• **Your assignment**:
Your response is a verbatim copy of the listing, stripped of its images.

• **Dataset section**:
#####

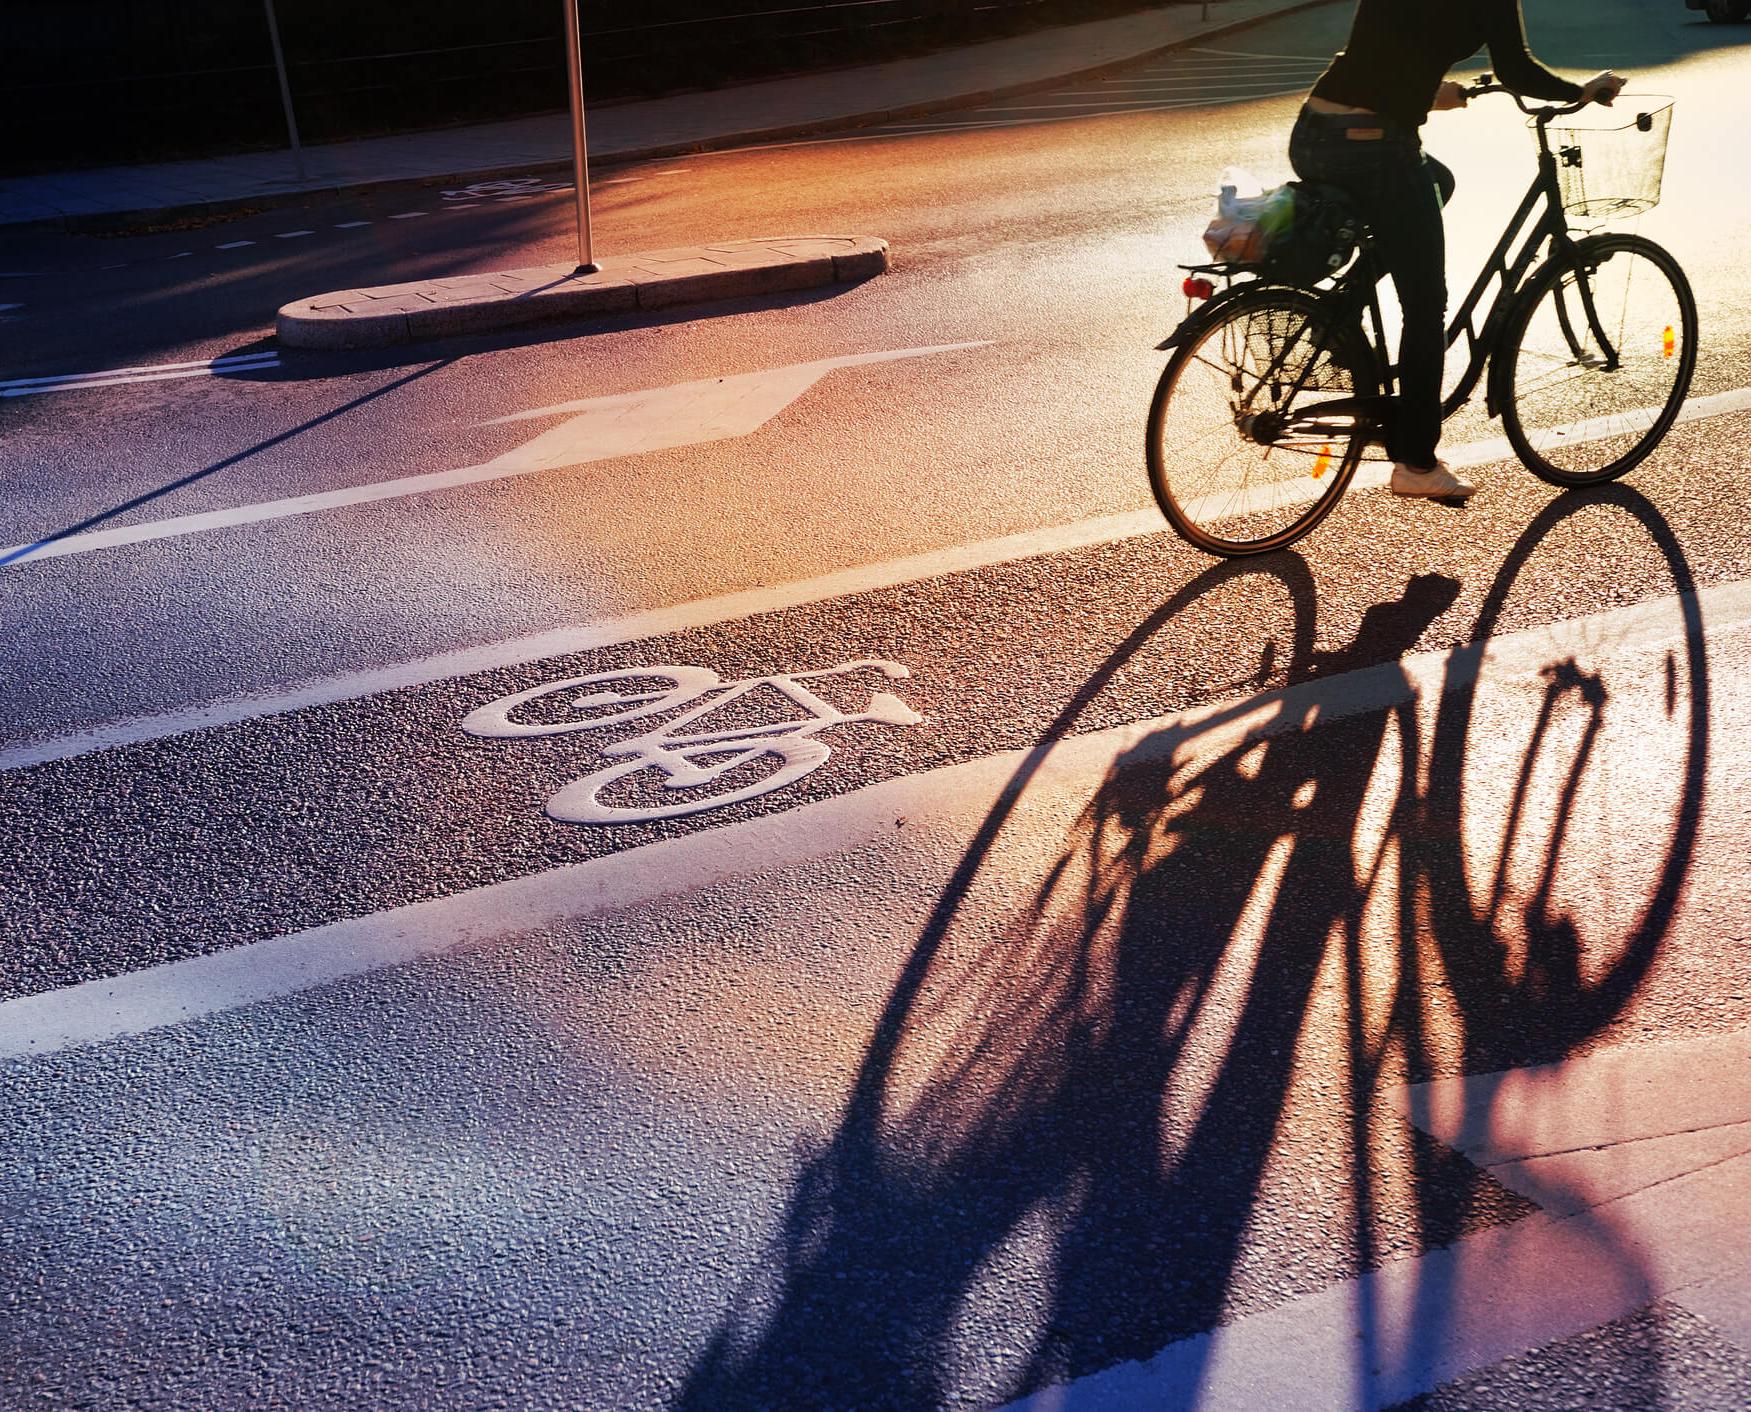 Entretien, équipement, règles de circulation : nos conseils pour faire du vélo en toute sécurité
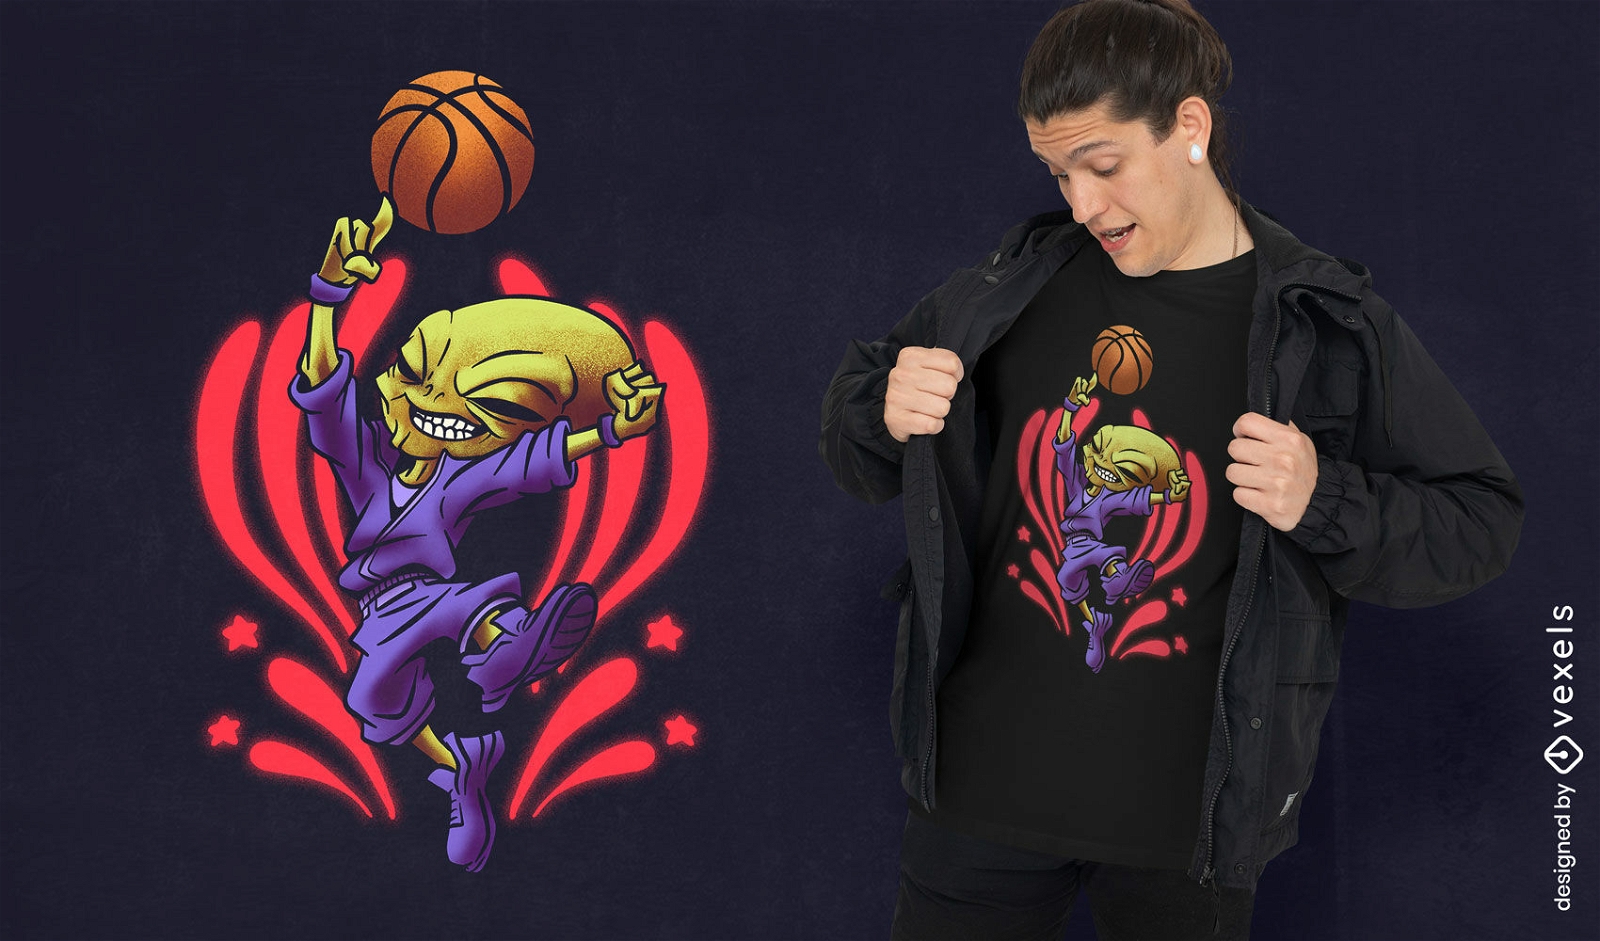 Basketball player alien t-shirt design
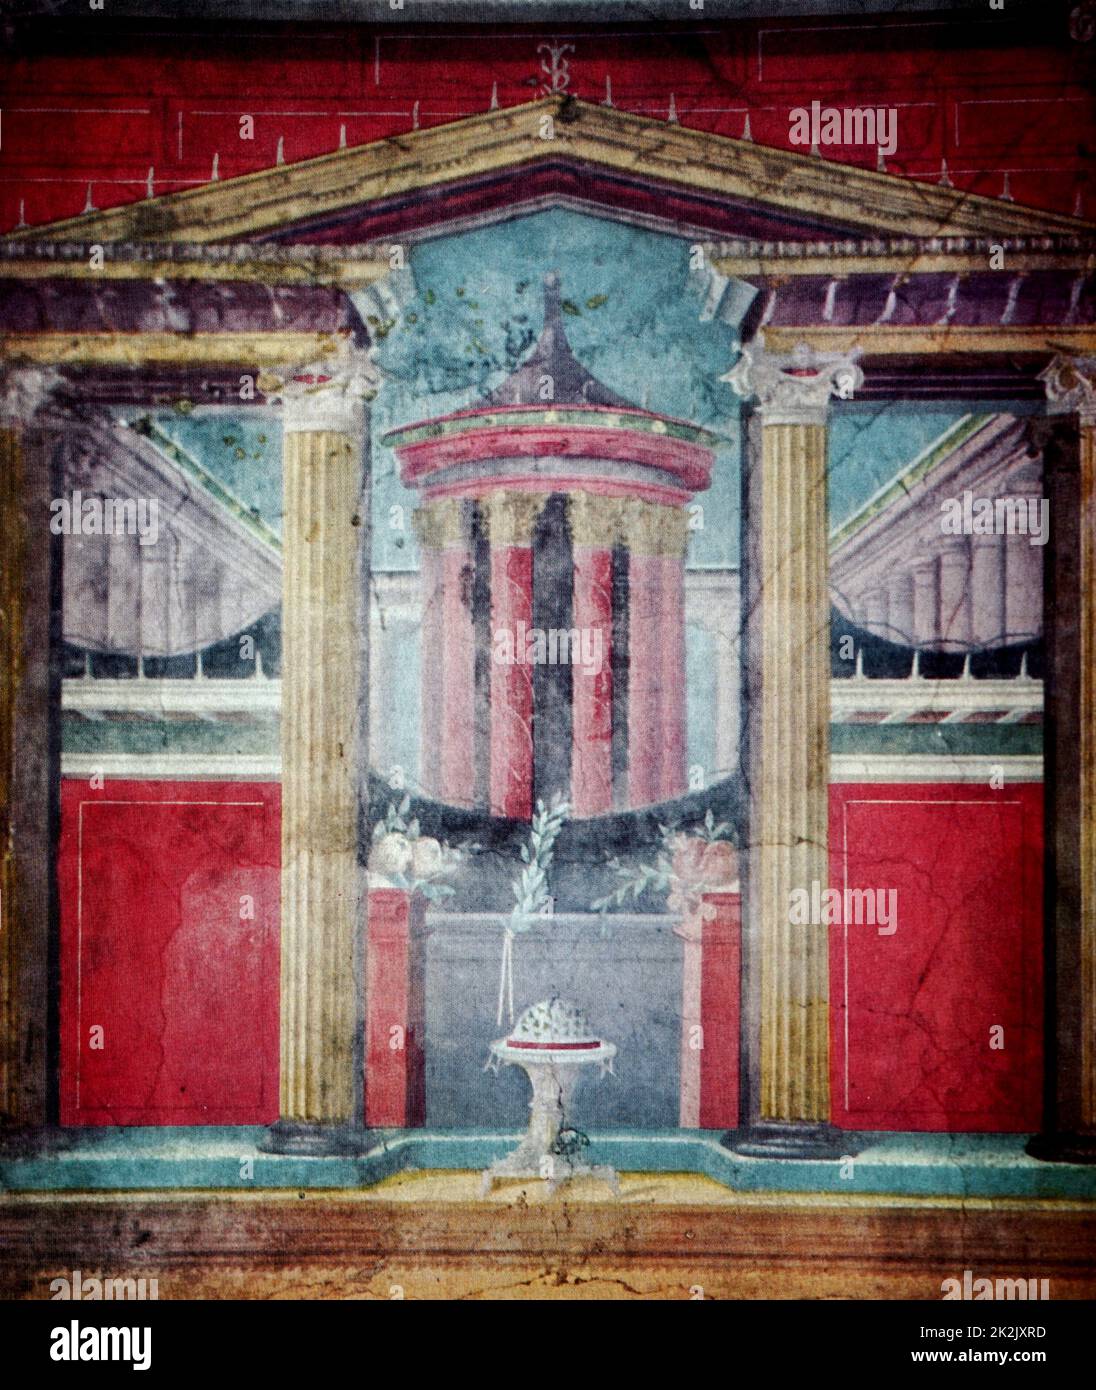 Détail d'une fresque sur l'architecture romaine antique. En date du 12e siècle Banque D'Images
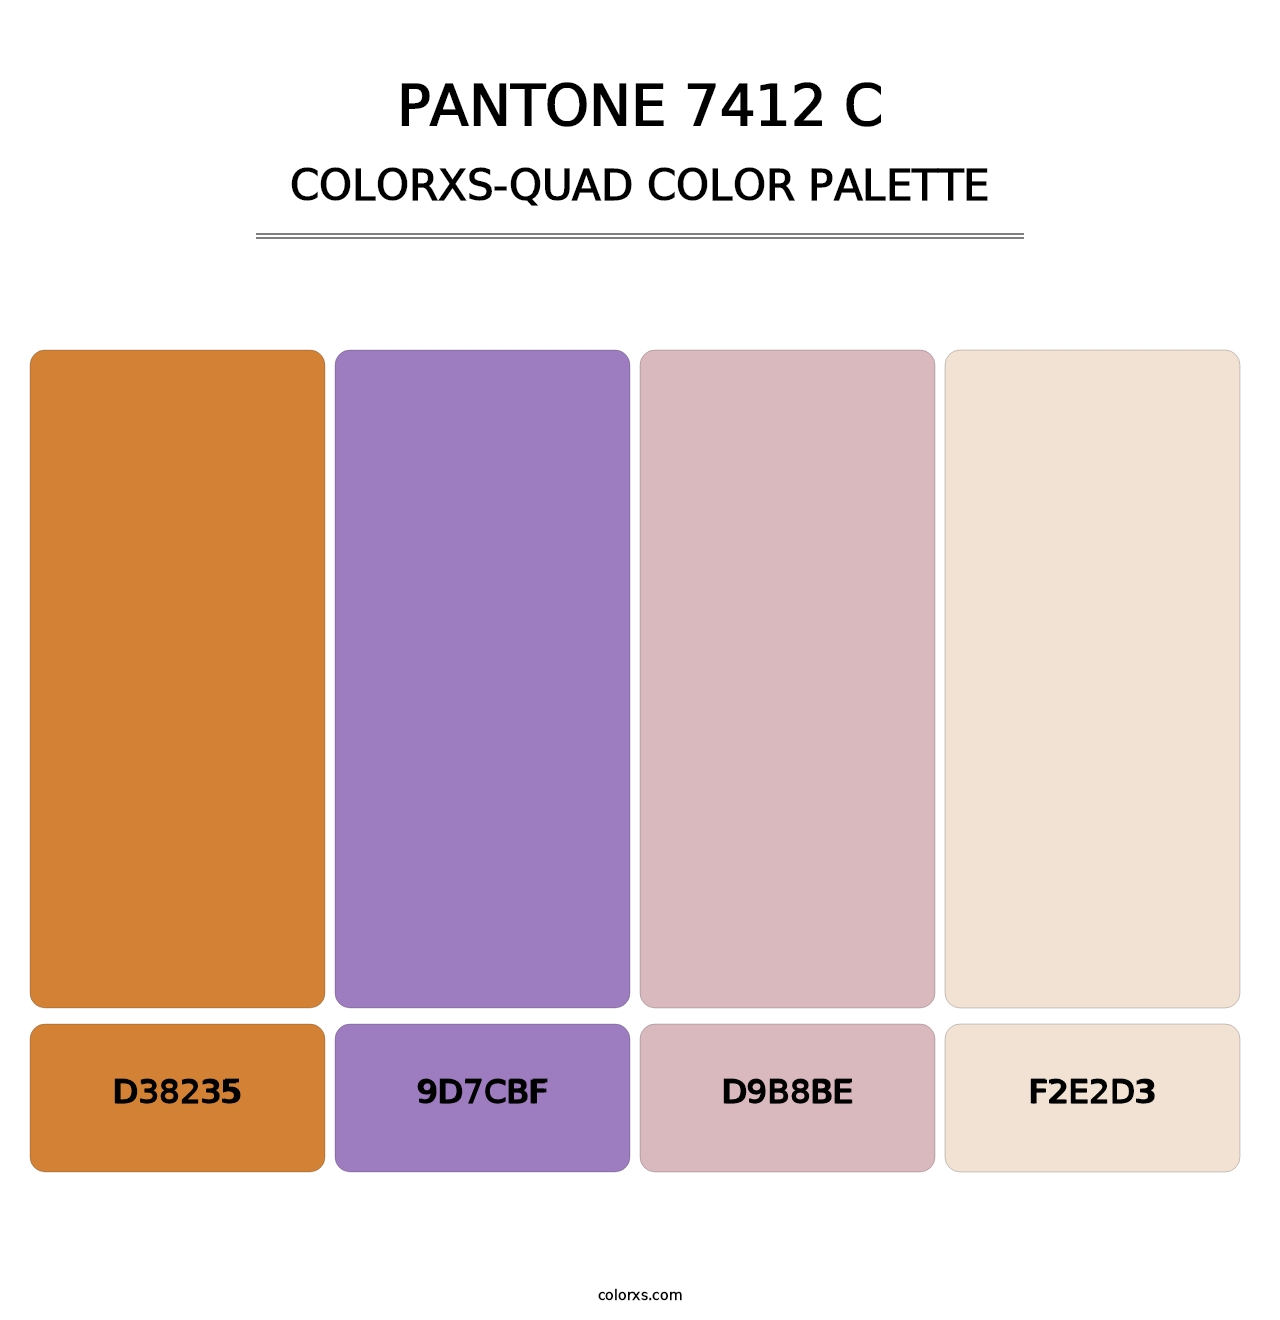 PANTONE 7412 C - Colorxs Quad Palette

#####

• **Result**:
 Entretien, équipement, règles de circulation : nos conseils pour faire du vélo en toute sécurité
 Basketball player alien t-shirt design
 Détail d'une fresque sur l'architecture romaine antique. En date du 12e siècle Banque D'Images
 PANTONE 7412 C - Colorxs Quad Palette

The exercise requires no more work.